Javascript local VCF and Tabix index file parsing and processing
Usage:
Include the following libs:
- https://raw.github.com/vjeux/jDataView/master/src/jdataview.js
- https://raw.github.com/vjeux/jParser/master/src/jparser.js
- inflate.js (fetch and place or fetch remotely)
- pako_deflate.min.js - included in JSLibs
- jsbgzf.js - included in JSLibs
- js-bv-common.js - included in JSLibs
- js-bv-sampling.js - included in JSLibs
- js-iobio-common.js - included in JSLibs
- js-local-vcf.js (this file)
There are two 'object' types with constructors:
readTabixFile
which takes a filespec and initializes a tabix
reader. Provides methods
getIndex
- builds the index informationbin2Ranges
- returns the chunk information for a [ref binid]bin2Beg
- returns first chunk of binbin2End
- returns last chunk of bingetChunks
- returns all chunks for bins covering region in ref
Details below
readBinaryVCF
which takes a tabix filespec, a BGZF VCF filespec, and
a user supplied callback function: initializes a tabix reader, builds
binary VCF reader, calls user CB at finish. Provides methods
getHeader
- obtains and returns the VCF header linesgetRecords
- obtains the data records in a reference region and returns as a vector of strings to provided callbackgetChunks
- returns all chunks covered by region
Details below
Example:
With files[0] == vcf file
files[1] == tabix file
var x = undefined;
var chunks = undefined;
vcfR = new readBinaryVCF(files[1], files[0],
function(vcfR) {
vcfR.getRecords(11, 1000000, 1015808, function(rs){x = rs;});
chunks = vcfR.getChunks(11, 1000000, 1015808);
});
================== readTabixFile ===================
function readTabixFile(tabixFile) {
Constructor for tabix reader and decoder. tabixfile is a bgzipped tabix binary index file.
readTabixFile.prototype.getIndex = function(cb)
Main function for a tabix reader. Obtains and decodes the index and caches information on it used by other methods. So, must be called before others.
readTabixFile.prototype.refName2Index = function(name)
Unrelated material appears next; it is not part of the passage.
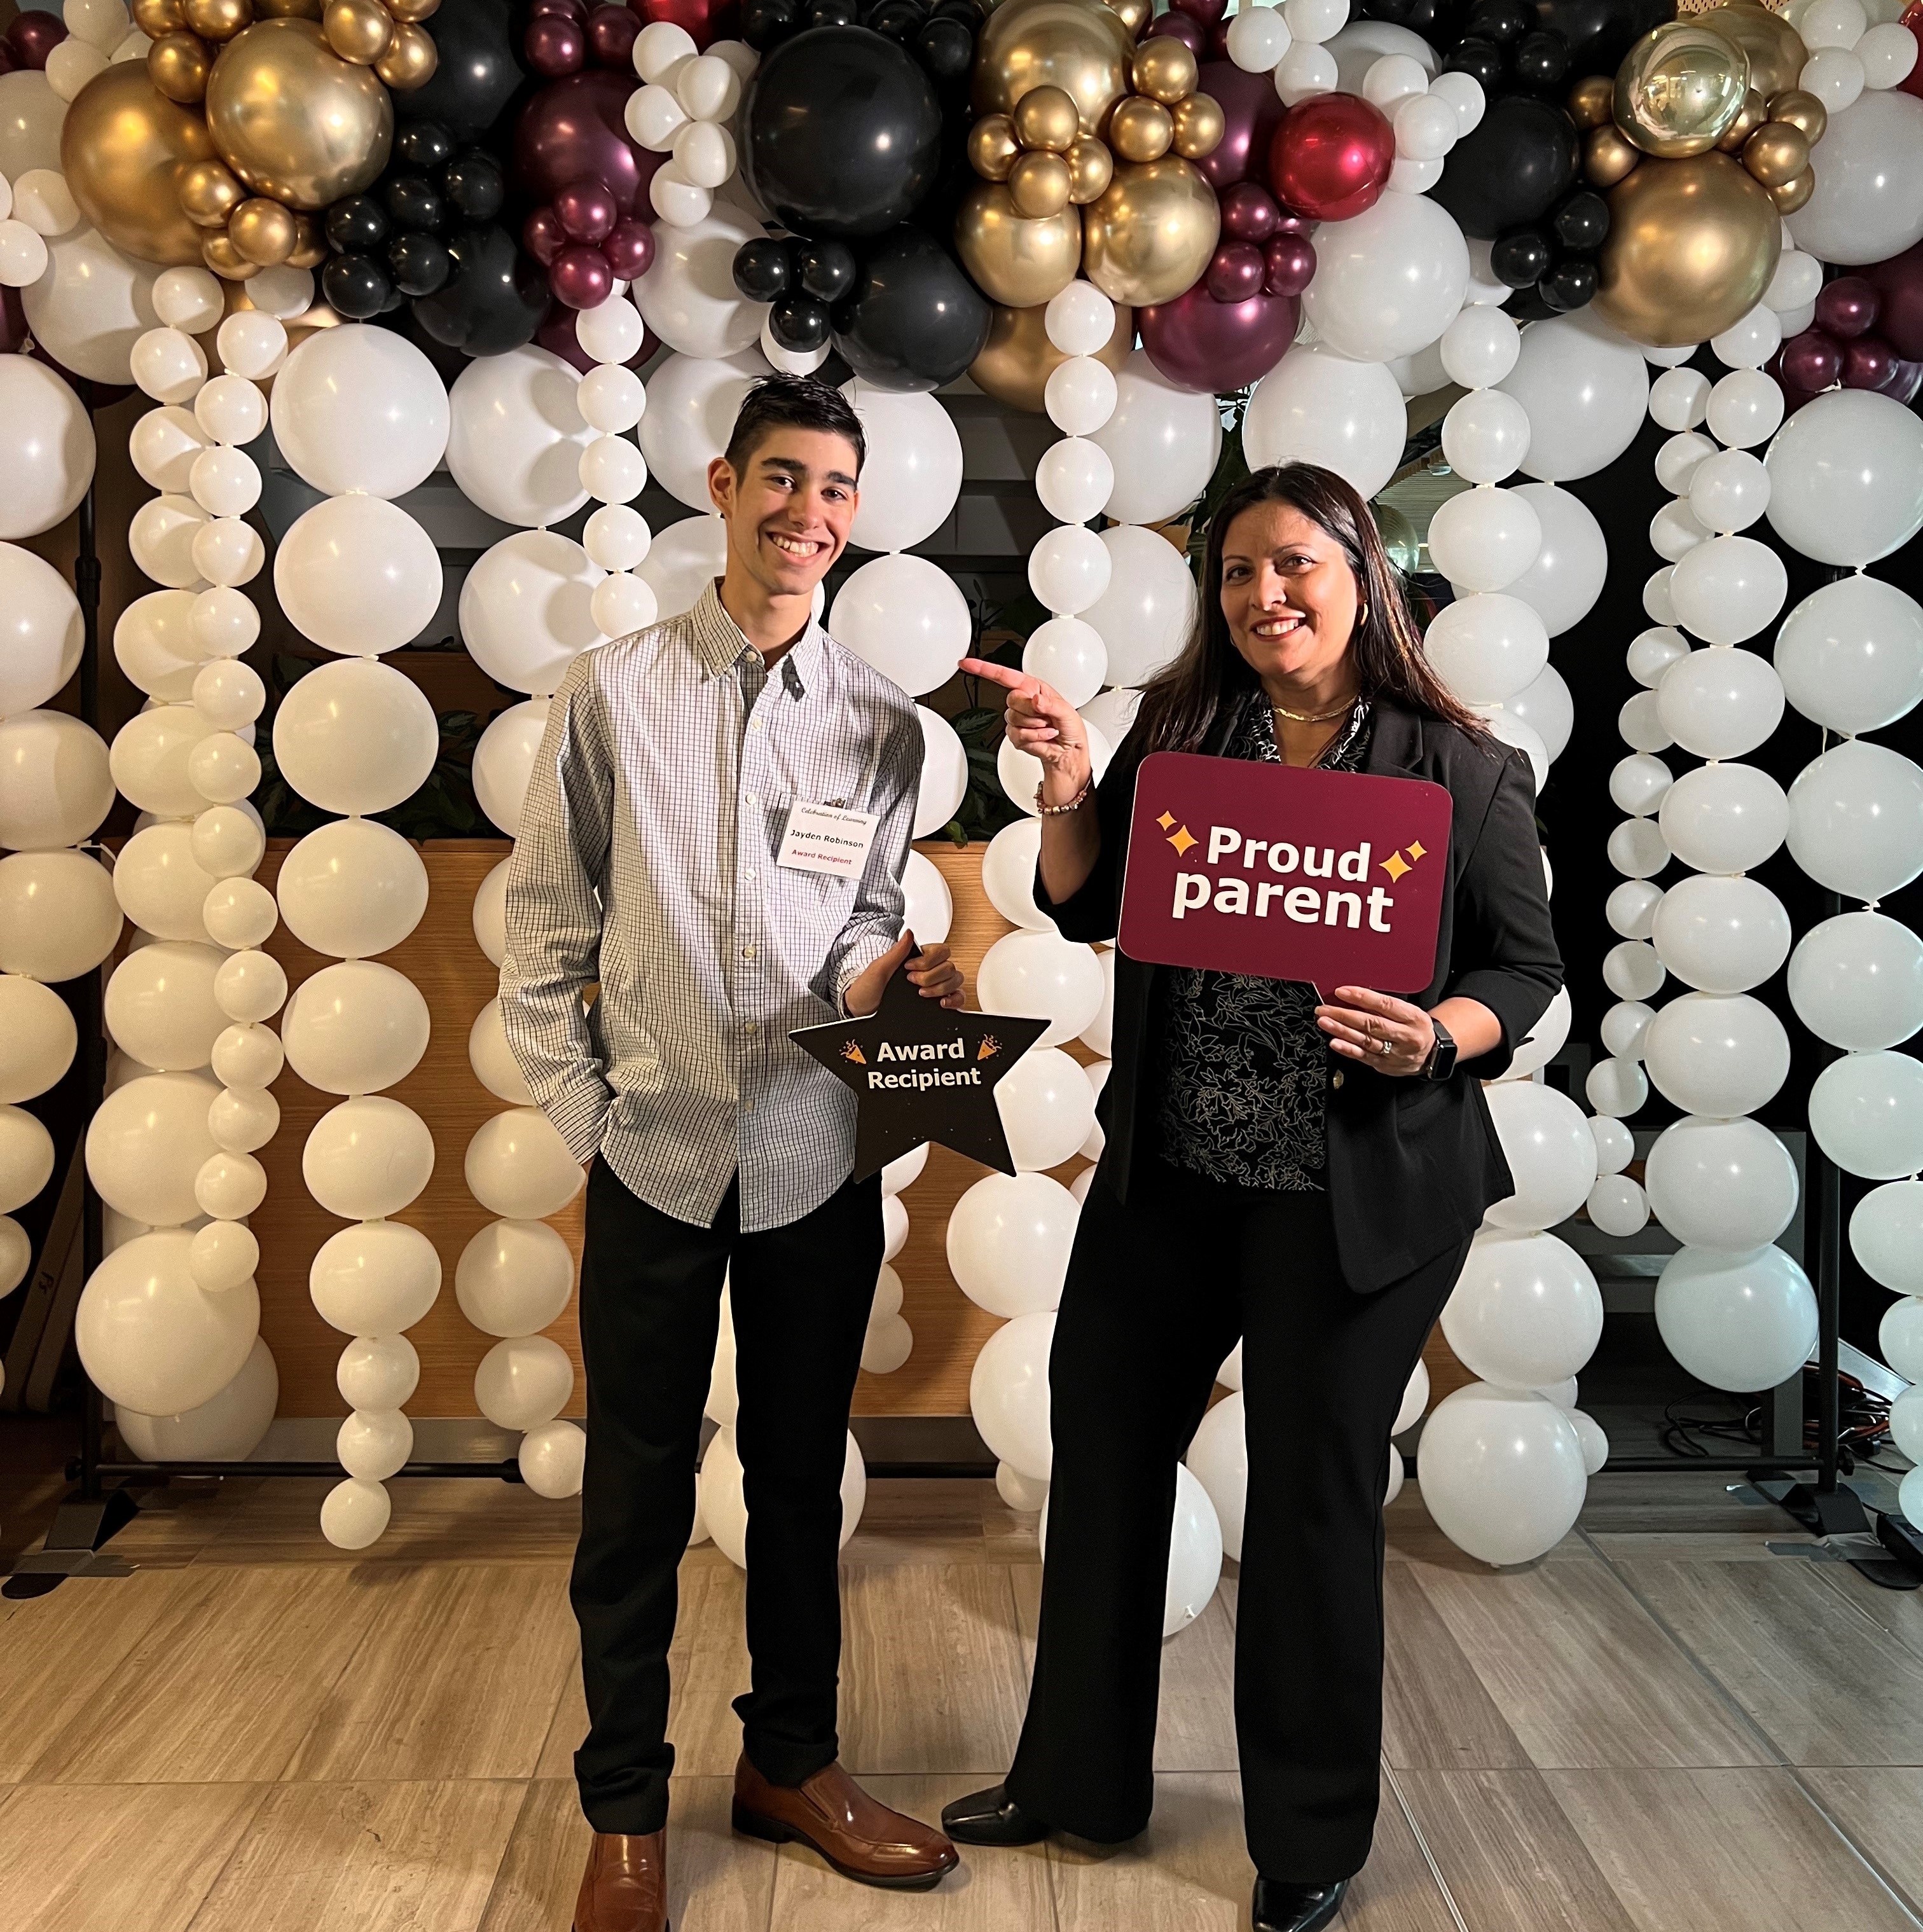 Jayden holding a sign that reads "Award recipient" with his mother who is holding a sign that reads "proud parent". There are balloons in the background.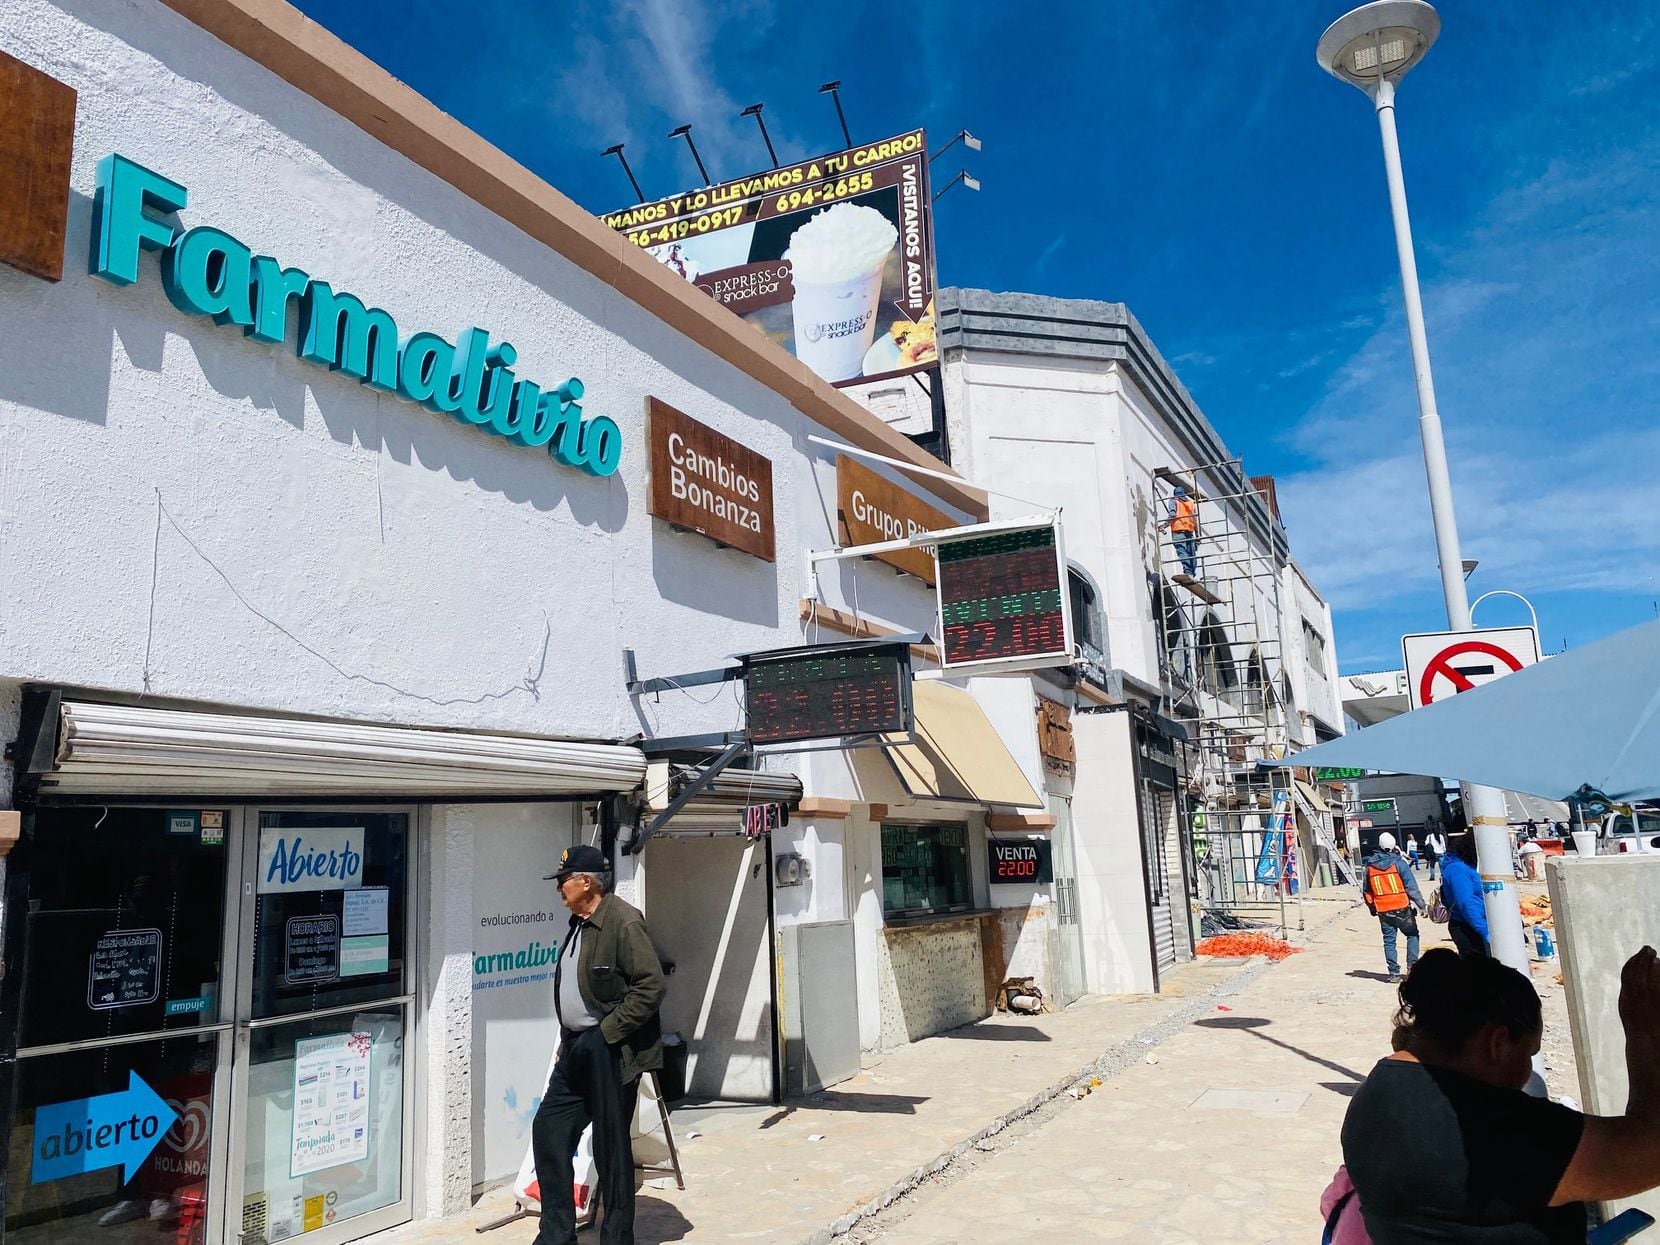 Mexican pharmacies, like this one in Ciudad Juarez just a block from the International bridge to El Paso, are common shopping venues for U.S. residents.

Converts a reference name to its tabix index. References in vcf
processing always need to be by their index. Requires that
getIndex
has been run
readBaiFile.prototype.bin2Ranges = function(ref, binid)
Takes a ref and binid and builds a return vector mapped from the chunk sequence of bin, where each element is a two element vector defining the region of a chunk. The begin and end of each region are the base virtual file offsets (the 16 bit right shifted values) and the offset within the INflated block (the lower 16 bits). Returns a vector [[[vfbeg, bobeg], [vfend, boend]], ...] where
- vfbeg is the virtual file offset of beginning bgzf block
- bobeg is the offset within the inflated block of that block
- vfend is the virtual file offset of ending bgzf block
- boend is the offset of last byte in that block
readBaiFile.prototype.bin2Beg = function(binid)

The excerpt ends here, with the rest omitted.